### What to produce
Down to the final line, write out the material beneath exactly, without pictures.

### Information provided
_ _ _ _ _

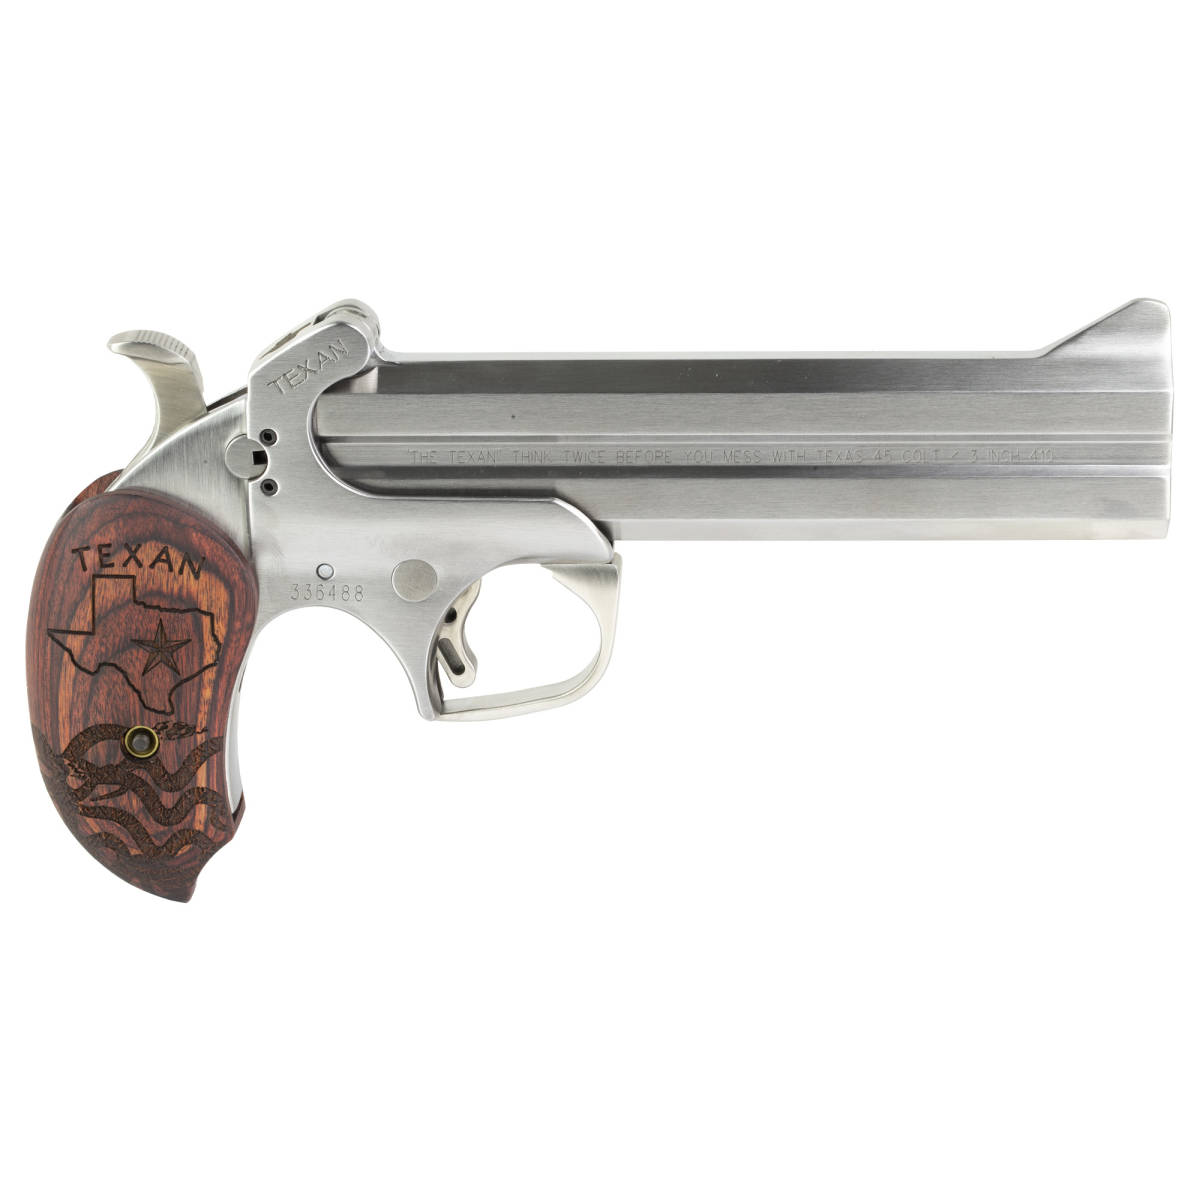 Bond Arms BATX45/410 The Texan, 45 Colt/410 6" barrel with extended grips-img-1
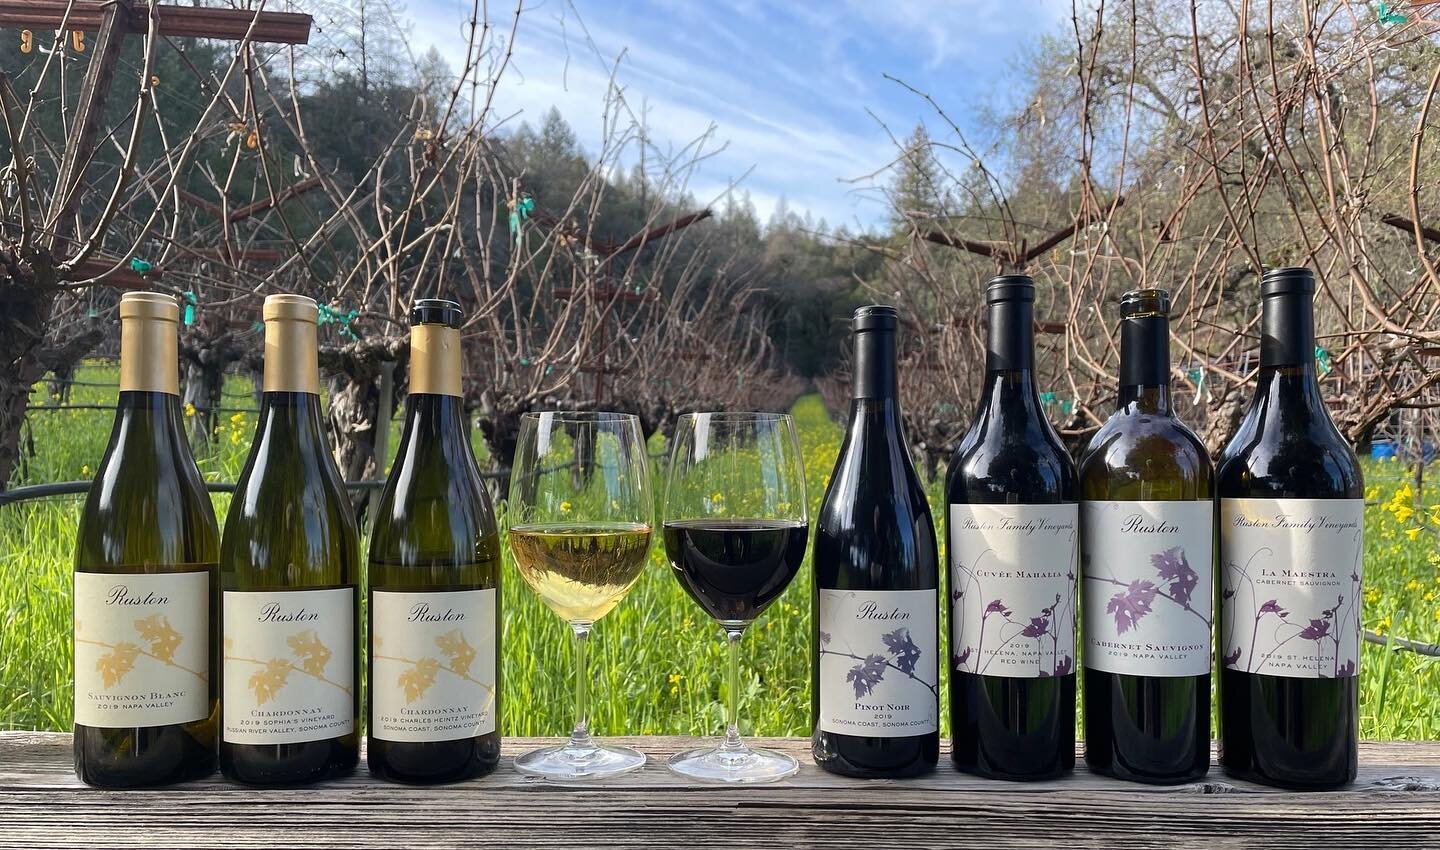 Our current releases! Visit our website for more info 🍷🍇

[tags]

#napavalley #napa #winecountry #sthelena #rustonfamilyvineyards #wine #winelover

_ _ _ _ _

### Output for this task
 Bond Arms BATX45/410 The Texan, 45 Colt/410 6" barrel with extended grips-img-1
 Our current releases! Visit our website for more info 🍷🍇

[tags]

#napavalley #napa #winecountry #sthelena #rustonfamilyvineyards #wine #winelover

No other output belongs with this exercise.